Warren Buffett's Berkshire Hathaway Class A shares briefly soared 51% to $661,504 on a single trade
- Class A Shares of Berkshire Hathaway briefly soared 51% in after-hour trading on Tuesday.
- Three single-share trades were executed at a price of $661,504, but the gains were short lived.
- The likely accidental trades highlight the illiquidity and wide spreads of Berkshire Hathaway's Class A shares.
Class A shares of Warren Buffett's Berkshire Hathaway briefly soared 51% in after-hour trades on Tuesday, sparking a flurry of chatter on social media and questions as to whether a glitch had occurred.
But the trades were real, according to data from Nasdaq, which showed that three Class A shares were traded at a price of $661,504, representing a $223,614 gain from its Tuesday closing price of $437,890. That gain was short lived, as the stock is trading around $427,000 early Wednesday.
The first trade at the inflated price occurred at 4:21 pm, while the other two trades occurred at 4:23 pm and 4:24 pm.
The likely accidental trades highlight the illiquidity and often wide bid/ask spread for Class A shares of Berkshire Hathaway, especially after the market closes. The stock has average daily trading volume of just 1,160 shares.
Buffett has resisted a stock split since he took over Berkshire Hathaway in 1965. At the time, Berkshire Class A shares traded at about $19 per share. But as the stock rose to record levels most investors couldn't afford, calls grew for a stock split.
Warren Buffett fended off those calls by introducing lower priced Class B shares in 1996. At the time, Class A shares traded just above $30,000, while Class B shares started trading at 1/30th the price, around $1,000. Today, Berkshire's Class B shares trade just below $300, in part due to a stock split in 2010 after Berkshire purchased railroad operator BNSF.

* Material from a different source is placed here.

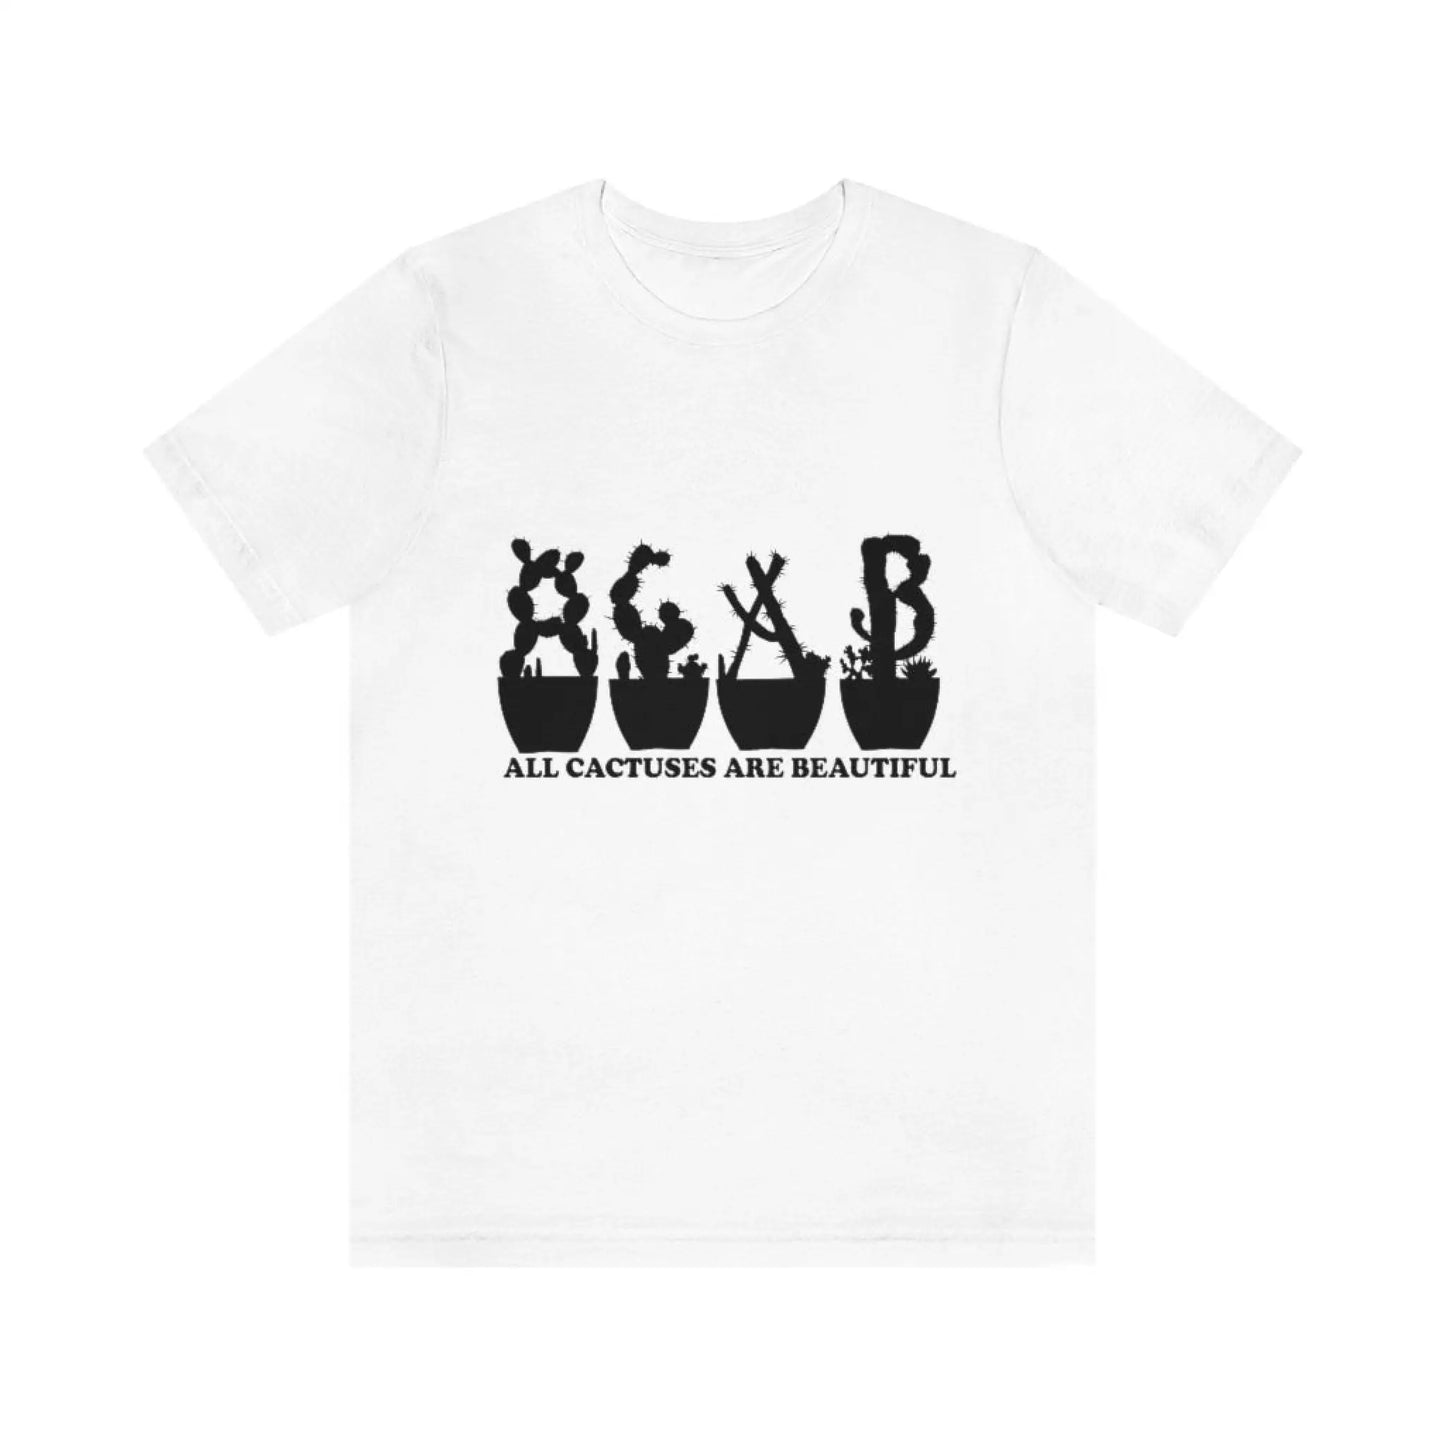 Shirts XL - All Cactuses Are Beautiful - White / T-Shirt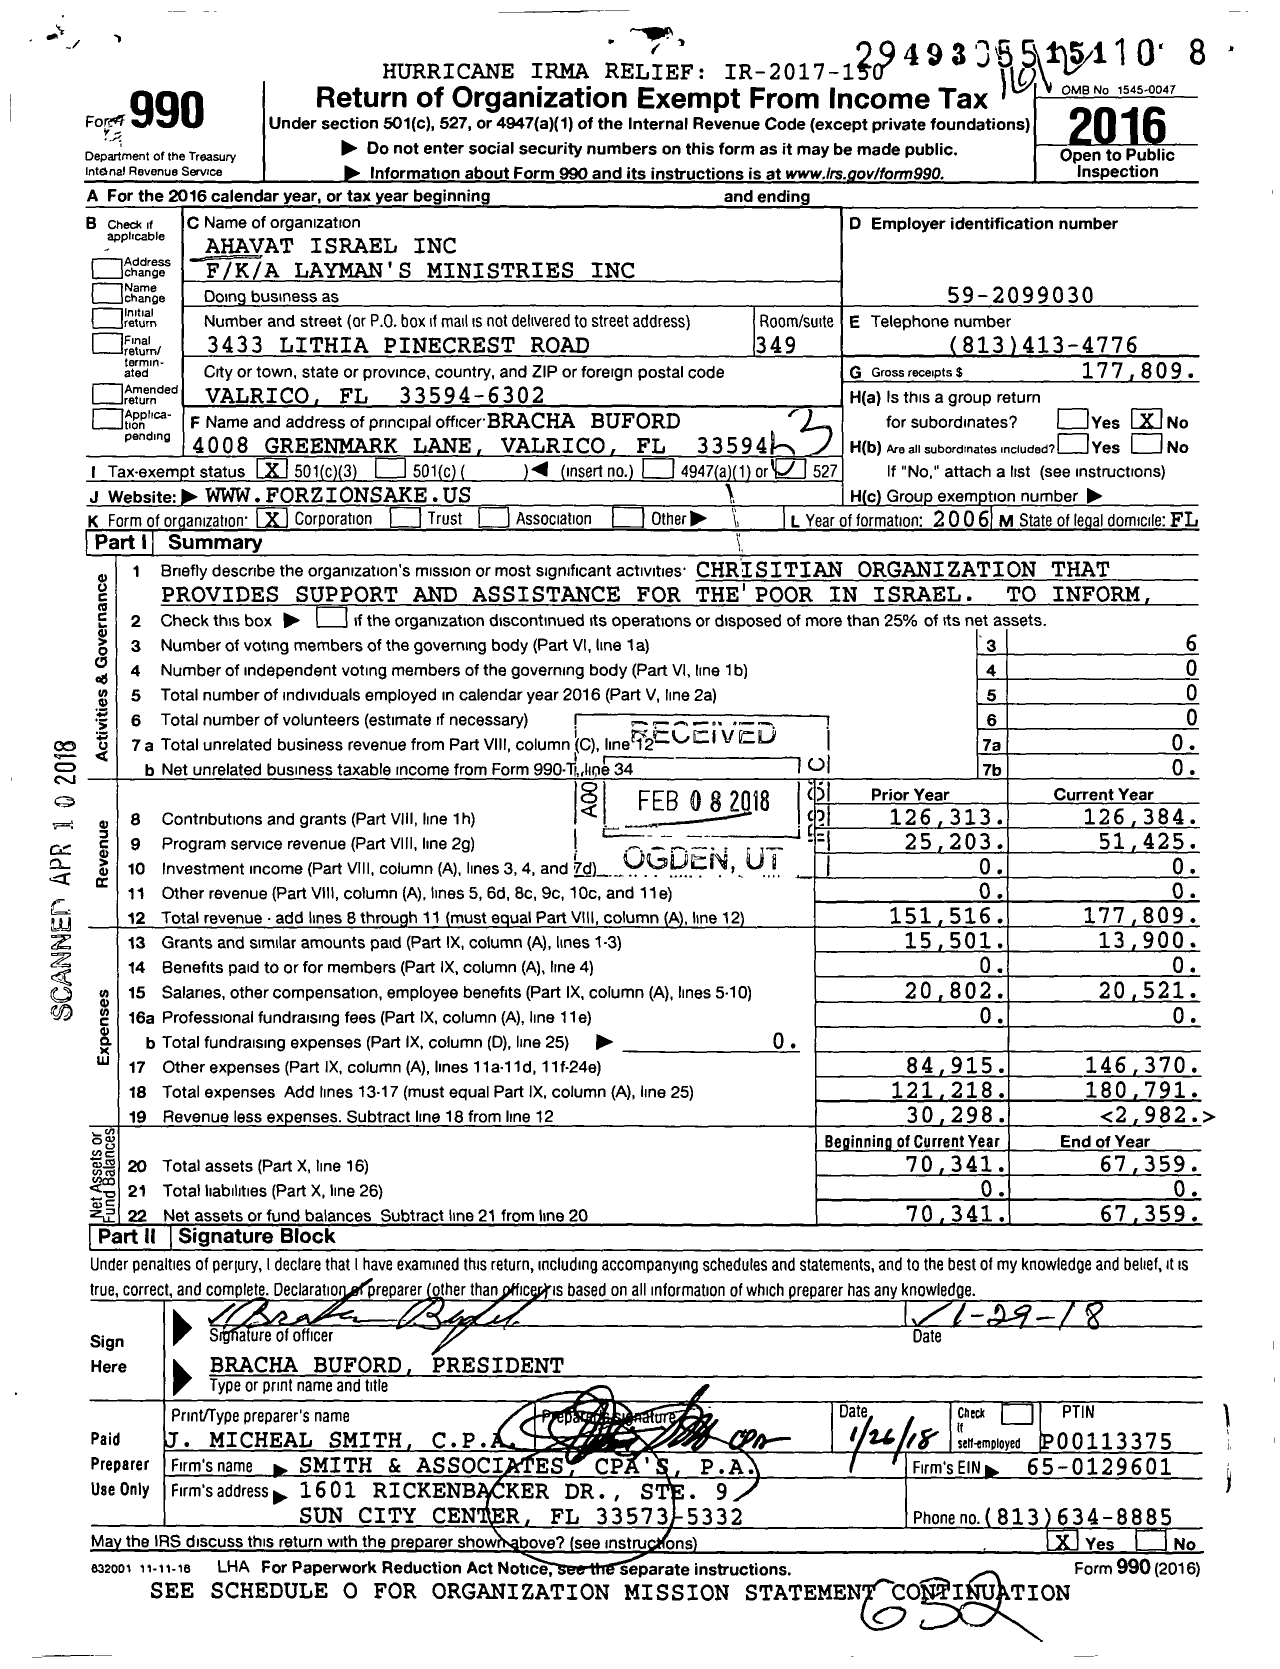 Image of first page of 2016 Form 990 for For Zion's Sake Ministries / Ahavat Israel Inc F / K / A Layman's Ministries Inc

Buffett's reasoning behind not splitting the Class A shares is his quest to attract high-quality buy-and-hold investors that are more focused on the long-term growth and sustainability of the business rather than the price level of the stock.
In a 1995 shareholders meeting, Buffett said splitting the stock would likely attract short-term investors who had little knowledge about the underlying business.
"I know that if we had something that it was a lot easier for anybody with $500 to buy, that we would get an awful lot of people buying it who didn't have the faintest idea what they were doing," Buffett said.
The investor who accidentally purchased the three Class A shares of Berkshire Hathaway at a 51% premium also likely didn't realize what they were doing, as those three shares now represent a total loss of about $670,000 as of Wednesday morning, assuming the same investor bought all three.